- Ну погоди! Ты скоро перестанешь чочокать, - пригрозил Сикстен, еще сильнее сжав его руку. - Не беспокойся, мы из тебя вытрясем, что это значит.

- Будь сильным! Будь стойким! - кричал Калле.

- Держись, держись, мы скоро придем! - кричала Ева Лотта.

И сквозь запертую дверь услыхали они последние слова своего предводителя:

- Да здравствует Белая Роза!

А следом за этим:

- Отпусти мою руку! Я следую за вами добровольно. Я готов, господа!

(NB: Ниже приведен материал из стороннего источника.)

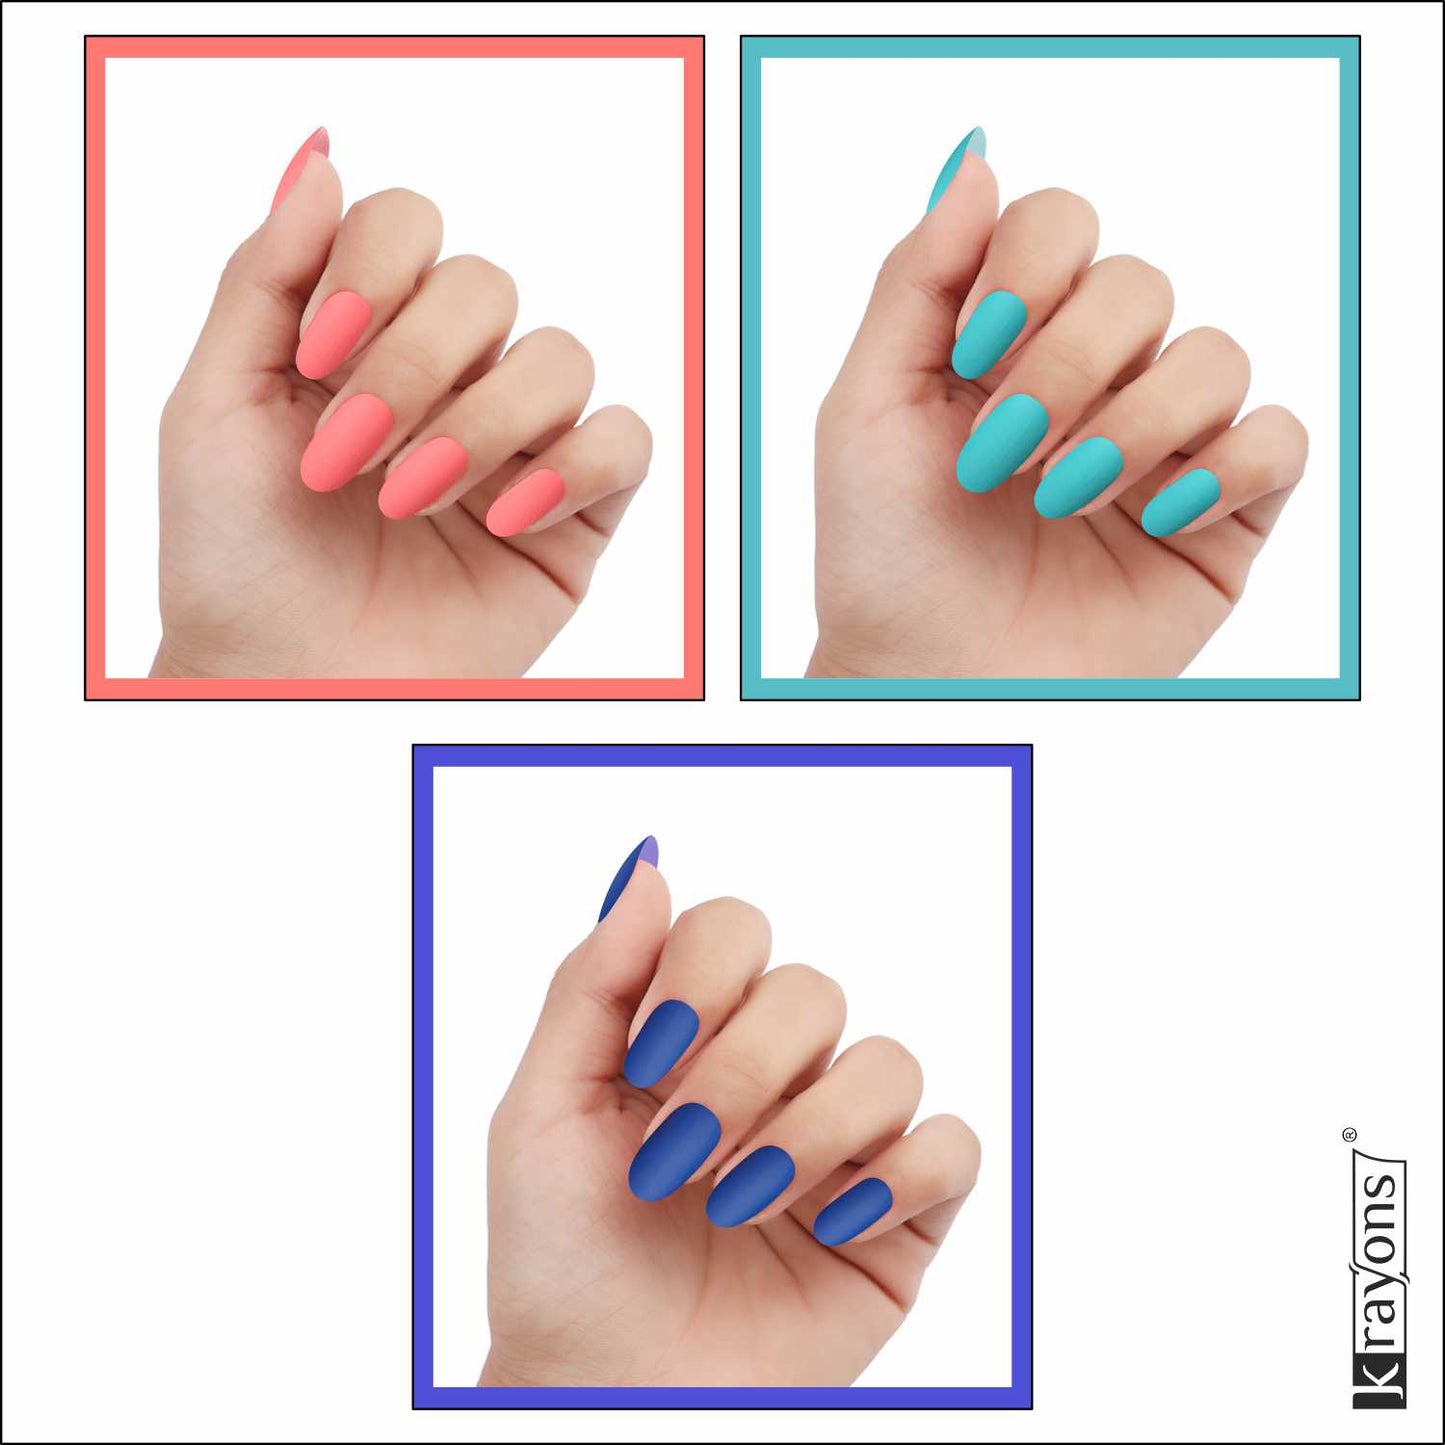 Krayons Cute Super Matte Finish Nail Enamel, Quick Dry, LongLasting, Blossom Peach, Cyan Matte, Blue Ink, 6ml Each (Pack of 3)

Потом они больше ничего не слышали. Великая тишина воцарилась над их тюрьмой. Неприятель покинул дом, захватив с собой предводителя Белой Розы.

4

Разумеется, Алые намекнули, что Калле и Ева Лотта останутся там, куда их посадили, пока мхом не порастут. Но это, вероятно, сказано было не слишком буквально. Даже в войне Роз ребята вынуждены были принимать во внимание весьма обременительный и постоянно мешающий элемент, именуемый родителями. Конечно, в глубине души благородным воителям бывало досадно, когда в разгар самых жарких сражений приходилось прекращать боевые действия, отправляться домой и есть жаркое и кисель из ревеня. Но родители раз и навсегда решили, что дети, как бы там ни было, должны соблюдать время трапез. И неписаным правилом войны Роз являлось, что нужно смириться с этими дурацкими родительскими требованиями. А не сделав этого, рискуешь очень серьезным перерывом в военных действиях!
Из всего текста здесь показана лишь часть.